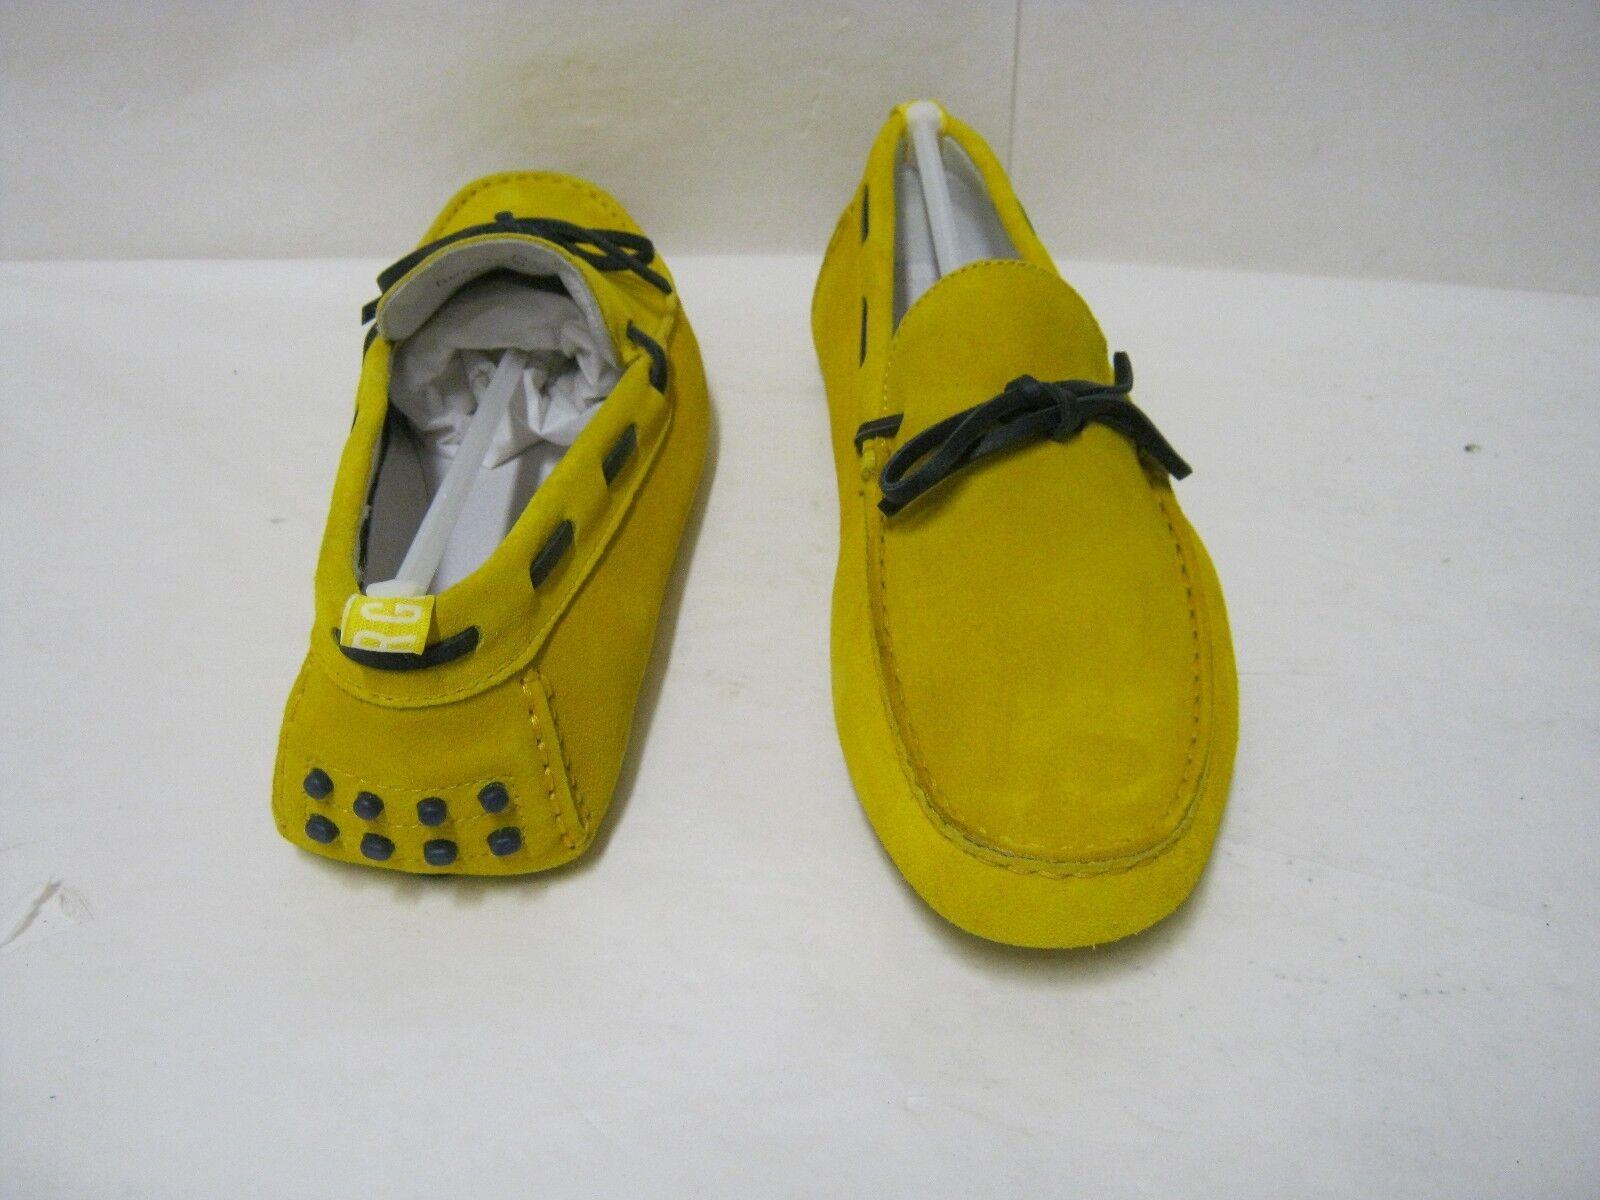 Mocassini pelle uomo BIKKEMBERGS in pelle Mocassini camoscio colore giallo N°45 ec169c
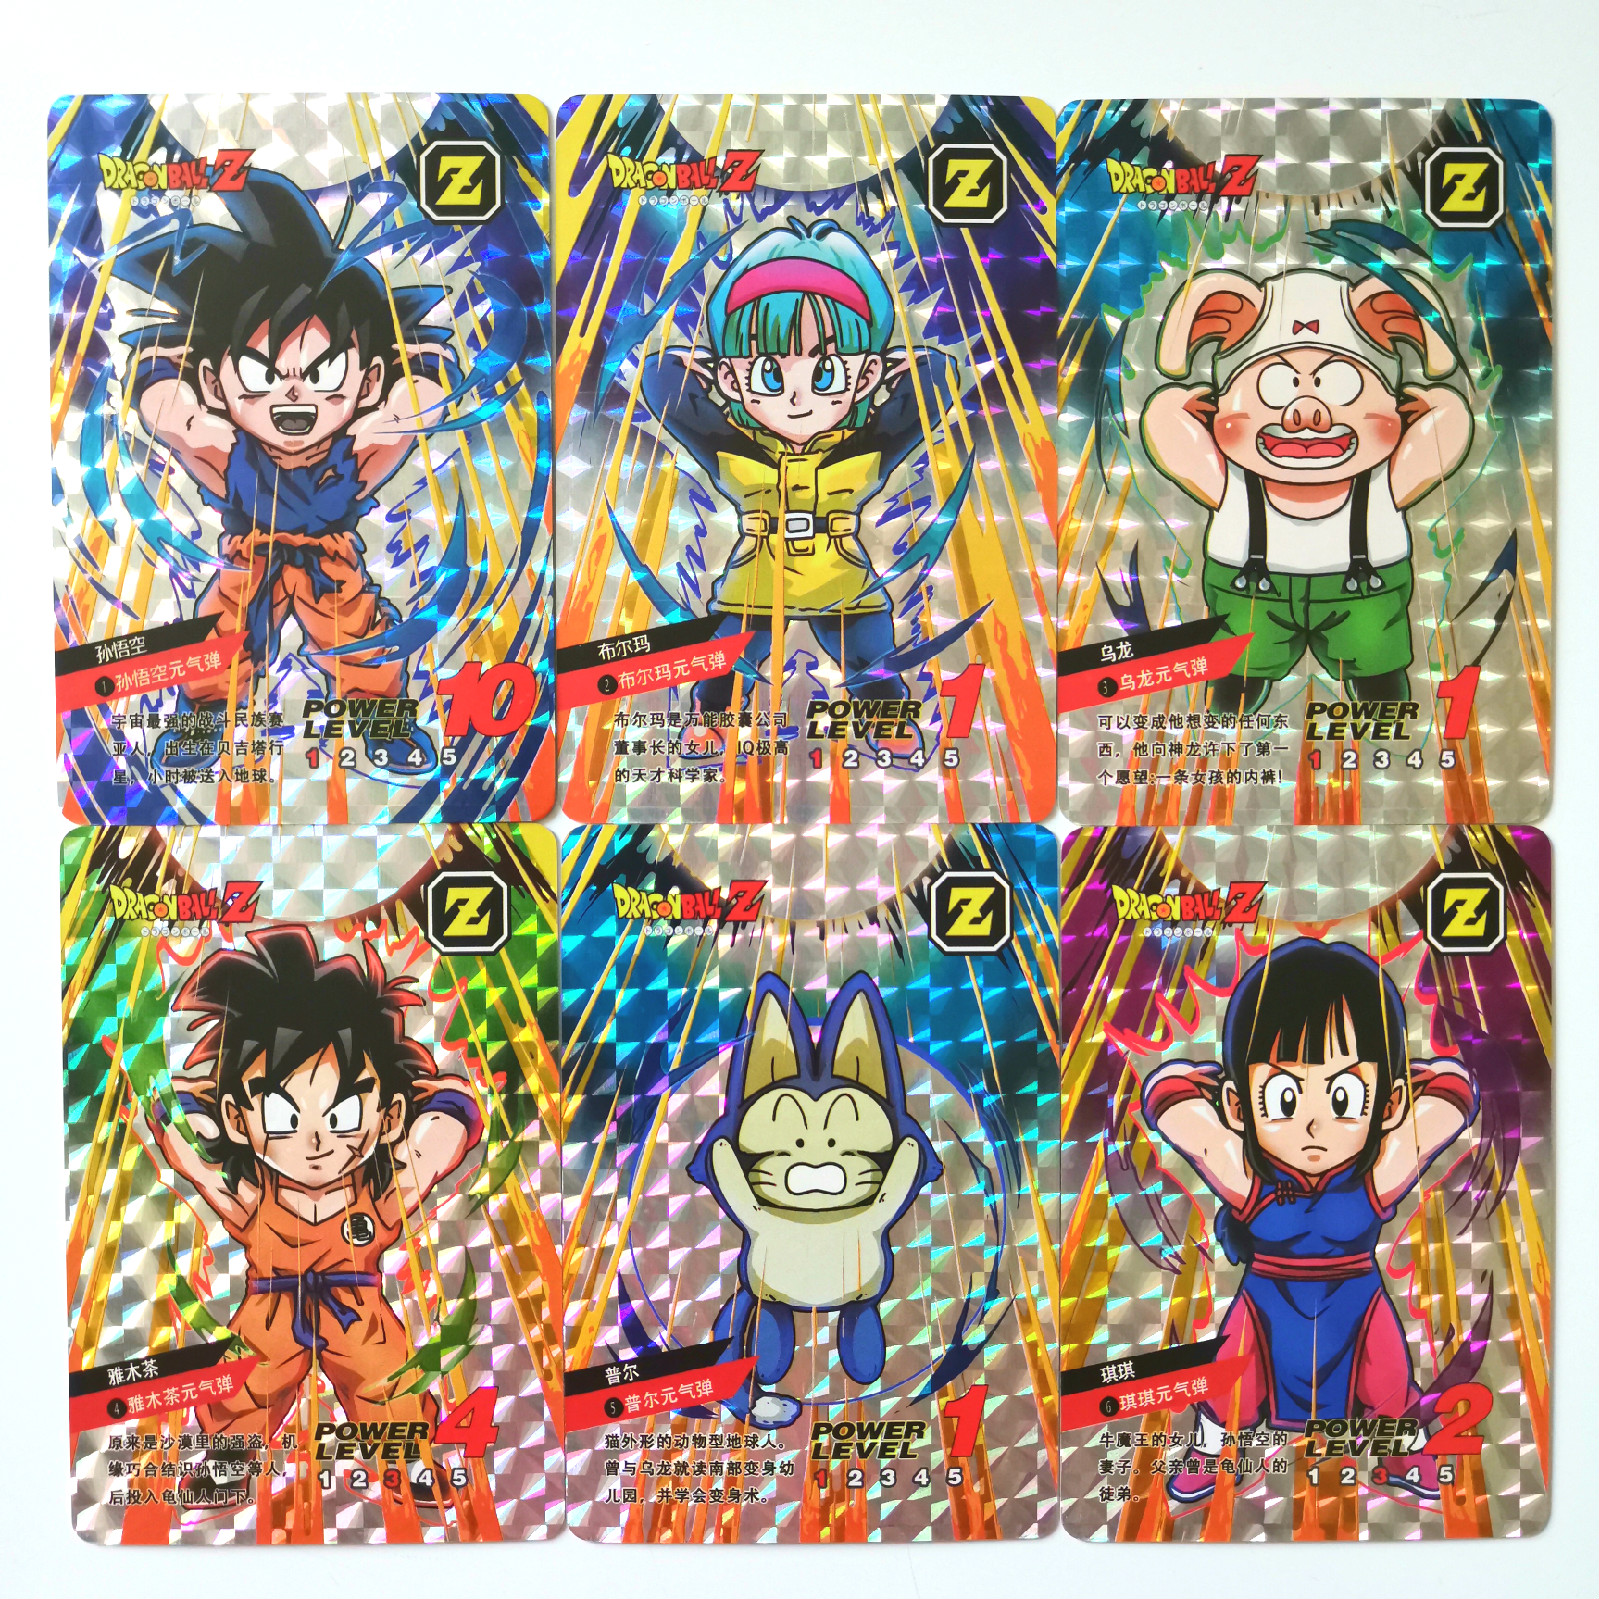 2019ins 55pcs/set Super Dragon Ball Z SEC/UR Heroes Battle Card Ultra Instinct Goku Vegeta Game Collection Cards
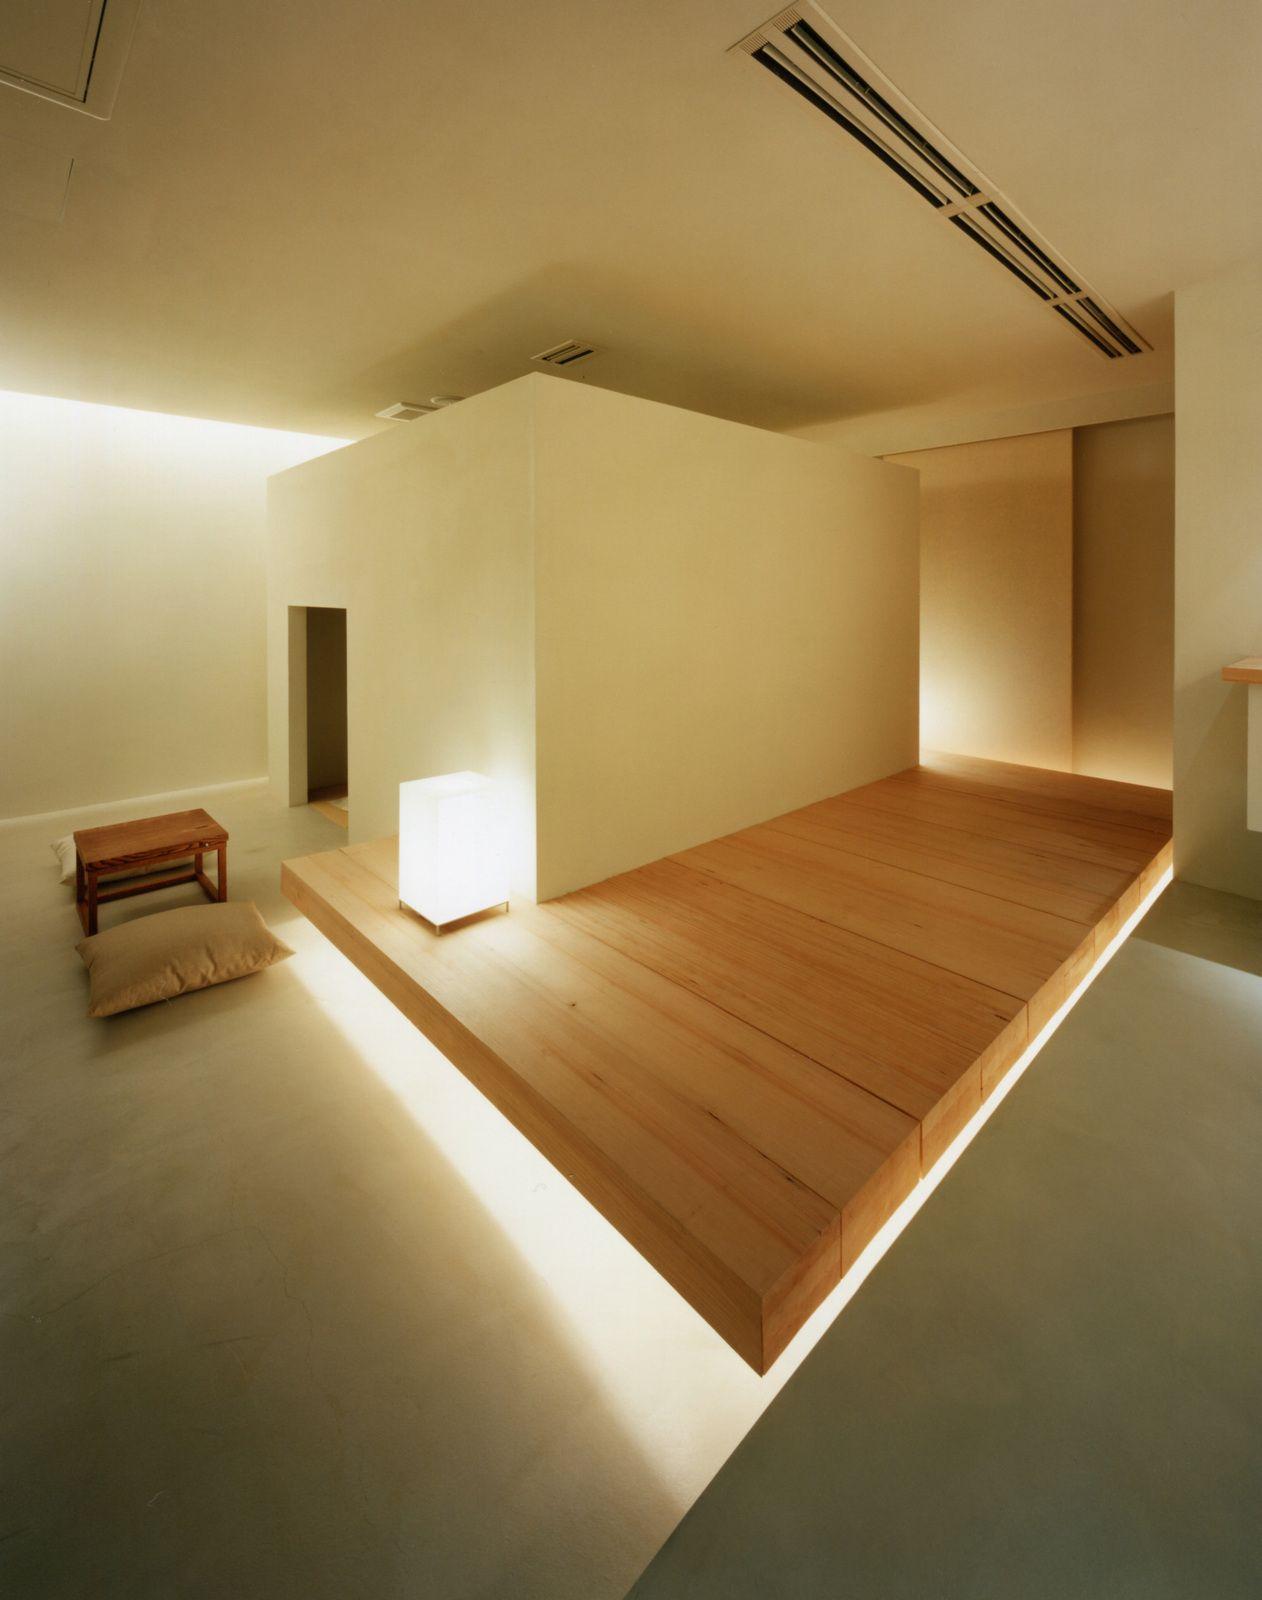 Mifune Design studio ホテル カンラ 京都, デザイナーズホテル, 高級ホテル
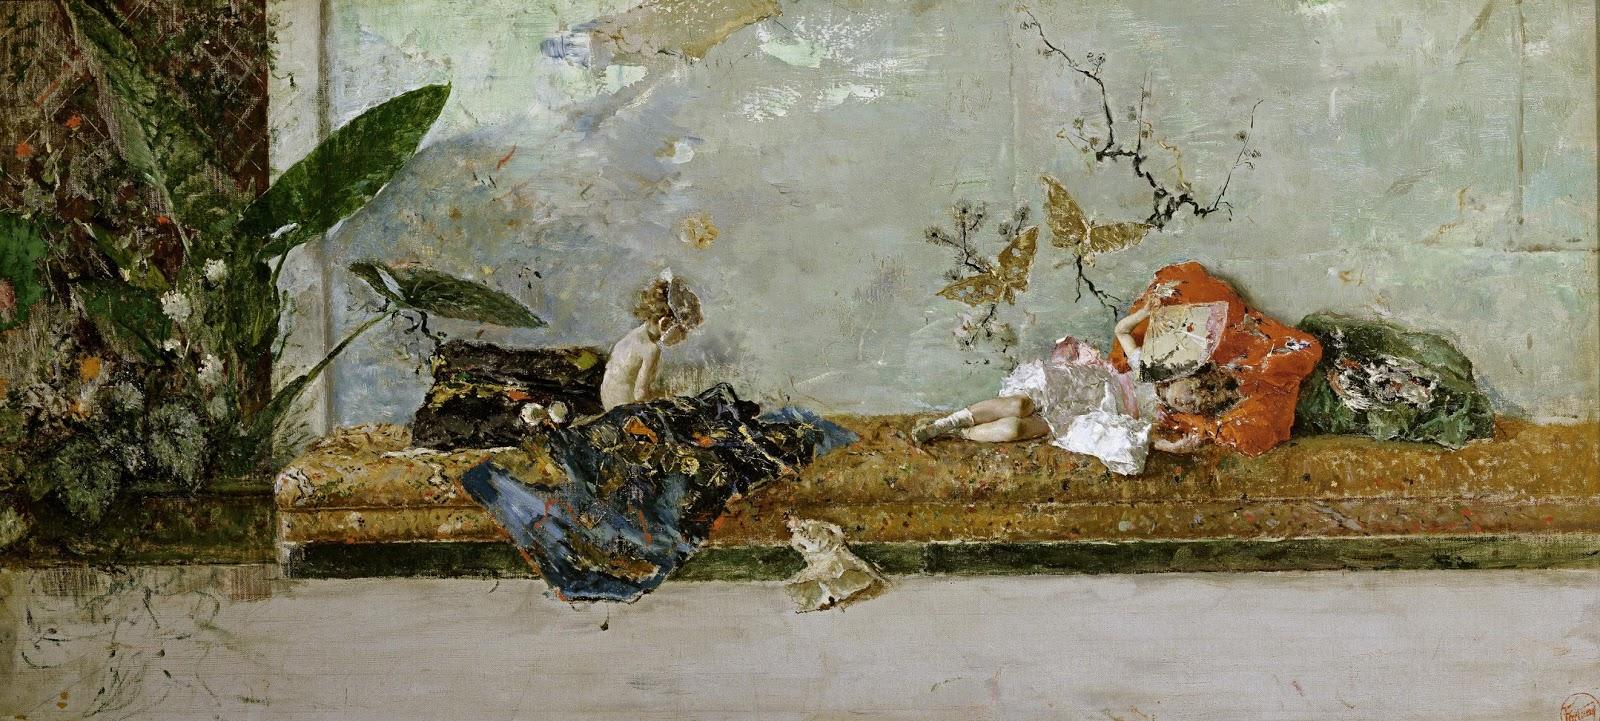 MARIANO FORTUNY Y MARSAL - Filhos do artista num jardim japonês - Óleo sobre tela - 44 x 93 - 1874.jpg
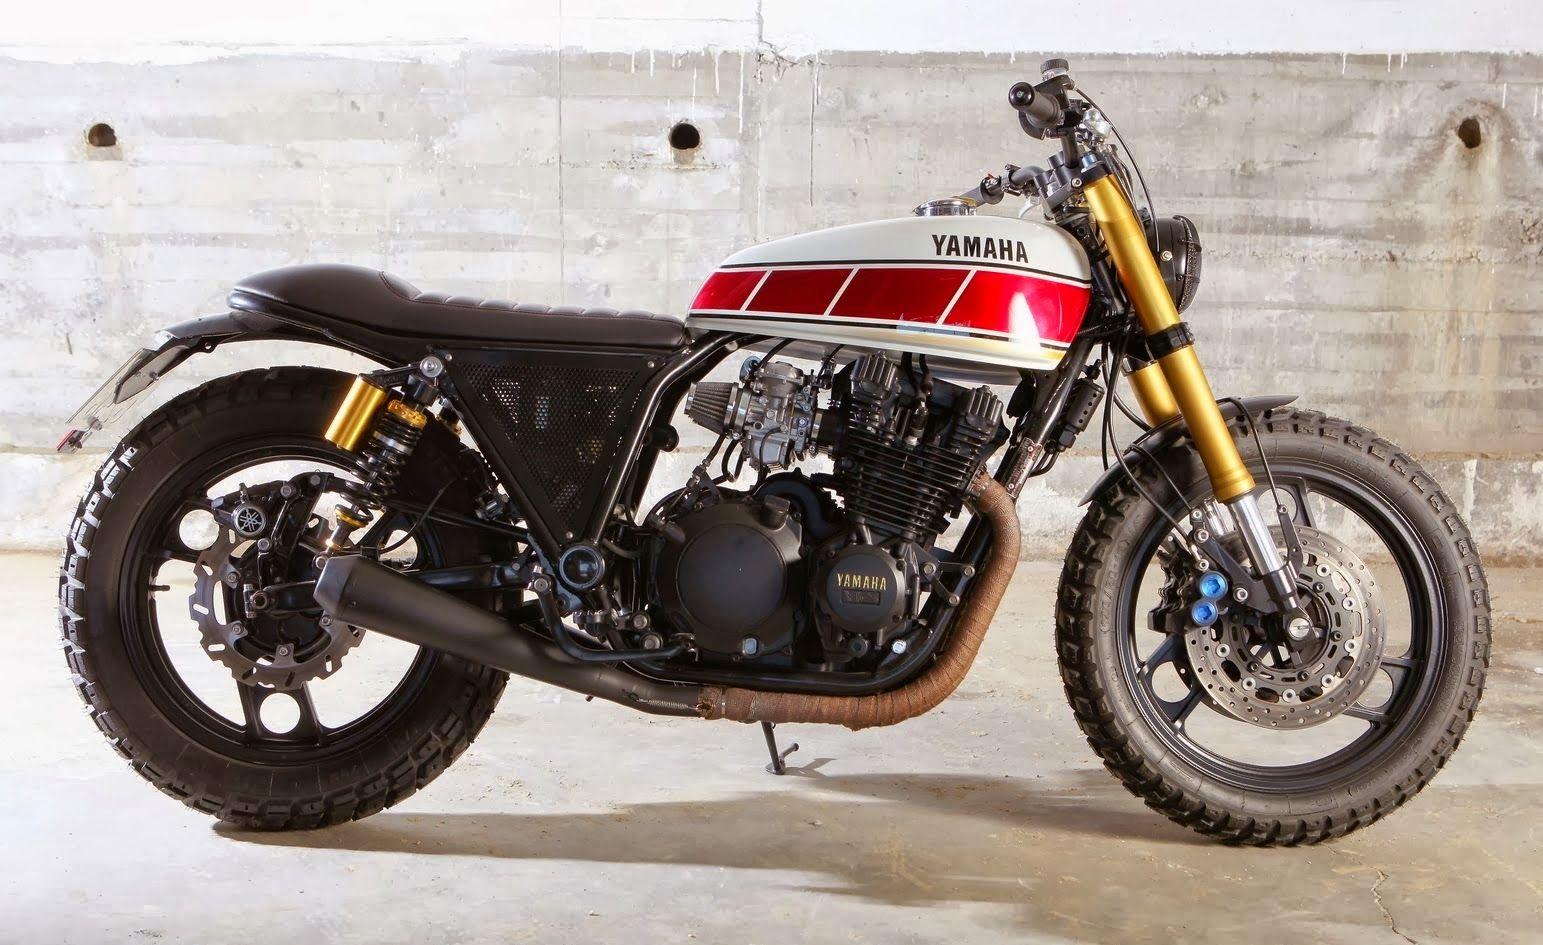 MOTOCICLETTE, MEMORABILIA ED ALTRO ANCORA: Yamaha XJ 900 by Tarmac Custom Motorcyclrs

→ **WHAT NEEDS TO BE DONE**
Write out exactly the lines between the start of the data and the line with "Mifune Design studio", including both, but none of the pictures.

→ **TASK SOLUTION**
 Mocassini pelle uomo BIKKEMBERGS in pelle Mocassini camoscio colore giallo N°45 ec169c
 2019ins 55pcs/set Super Dragon Ball Z SEC/UR Heroes Battle Card Ultra Instinct Goku Vegeta Game Collection Cards
 Mifune Design studio ホテル カンラ 京都, デザイナーズホテル, 高級ホテル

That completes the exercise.